Dave rang the doorbell of the small terraced house. After a few moments, a man in a dressing-gown opened the door.

“Hello, I'd like to talk to you about God,” Dave began.

“Sure,” the man interrupted. “What would you like to know about me?”

After a few moments of confusion, Dave's mind-wave collapsed to a plausible model, and he said: “I'm sorry, I've never met anyone actually called God before.”

“No,” said the man. “I meant I am the creator of your universe. Why don't you come in?”

Dave mutely followed God into his dingy apartment. “How can I know you are God?” he wondered aloud.

“Really,” said God. “I thought you were the one to work on faith. But I don't have time to argue the point. Here, taste this.” He handed Dave a glass of clear liquid. A sip told Dave that it was water. “Now try it again.” The liquid was now red, and tasted of wine. “An old favourite, but these days a mere parlour trick, perhaps? Try this on for size.” Suddenly, Dave was standing in a field of flowers, under an azure sky. “Before you ask; no this isn't heaven,” said God. “It's Devon.”

A moment later they were back in God's living room. “Would you like to sit down? I'll make you a cup of tea.”

“Why have you revealed yourself to me?” Dave asked while God rinsed out a pair of grubby-looking mugs.

Credit: JACEY

“You came to me, remember? And I thought — why not? Let me explain my problem. Your philosophers have struggled with the existence of the world for a long time. But the truth is that it was an accident. I invented a way of representing a simple universe using much less processing than normal. You'll have heard of cellular automata? It's something like that. Quantum mechanics is in there to reduce the processing load.

“Anyway, after a bit of tweaking of the parameters, interesting stuff started to happen. I got atoms, molecules, stars, everything. And, eventually, life arose — here and there, where conditions were just right. Just three usable dimensions, and all of this...” God looked misty eyed for a moment. “Then, suddenly, wham! The speed of time slowed right down. And looking into it I found this tiny planet where quantum effects had suddenly become much more intensive to process.”

God brought the tea over, which He seemed to have brewed in the usual way. “You'd developed civilization and started investigating quantum entanglement, and experimenting with quantum computing. In the process you were generating important states where precision mattered, so my shortcuts couldn't be applied. This wouldn't be a problem except that it brought you to my attention.”

“So,” said Dave, mind racing. “You're not the God?”

“If you mean the Judaeo-Christian God, then no. Sorry. You made that up by yourselves. I just set things up, lit the blue touch-paper and watched what happened. It worked out quite well at first, too.” God mused. “I got a paper out of it in quite a respectable journal.”

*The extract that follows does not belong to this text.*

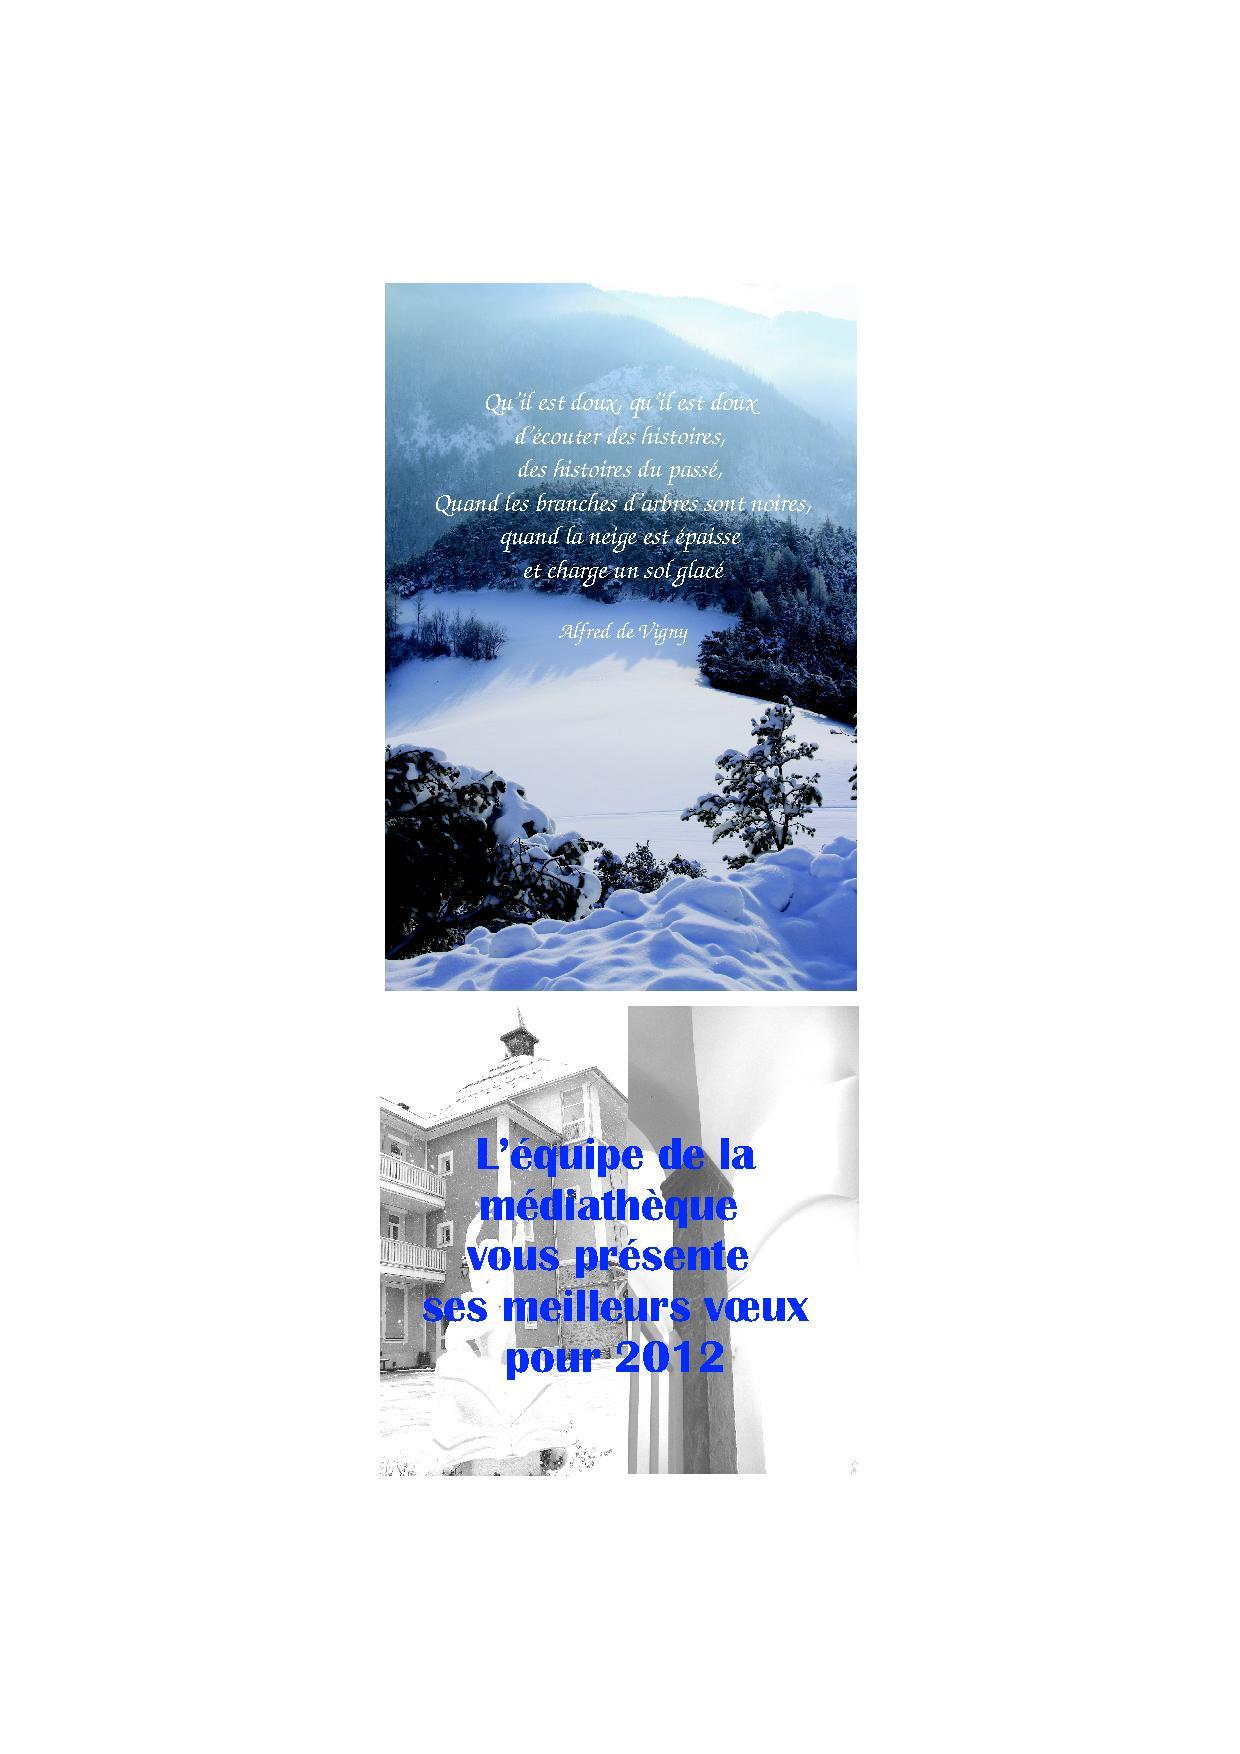 BIENVENUE en 2012! dans Archives Meilleurs-Voeux

Dave's tea was untouched. “What are you doing here in Birmingham?” He asked.

“Oh, I've been watching for so long,” God said. “I just wanted to see what this world felt like...”

God leaned forward. “Have you heard about memes? There are good ideas and bad ideas, and they are passed on almost independently of whether they are true. To be successful, an idea, that is, a 'meme', must be passed from brain to brain.

“Usually this happens because the carrier has benefited, and wishes to pass useful information on. But not always. Memes may persuade their host to propagate them. And unrelated memes can merge together, and may then transfer more effectively. This is what is happening when children whisper gossip to each other followed by the phrase 'and pass it on'.

“Generally we think of ideas as little additions to the mind. But ideas affect the mind. I'm sure you'll have heard a song that you don't like but can't stop your brain from singing? What if something worse existed? Your literature is already sprinkled with stories about the concept: pictures that kill the viewer, games so addictive no one could stop playing; the format isn't important. And Douglas Hofstadter described how it is impossible to create a perfect gramophone, because if it reproduces every sound perfectly there will be a noise that destroys it.

“The same must be true of consciousness. So there is good reason to believe that lethal conceptually transmitted diseases can exist. And moreover, that they may be highly infectious, or have a carrier phase. Discovering you has led to something of a backlash I'm afraid. There are forces that even God must answer to. The Research Council has spoken. I have to switch your universe off.”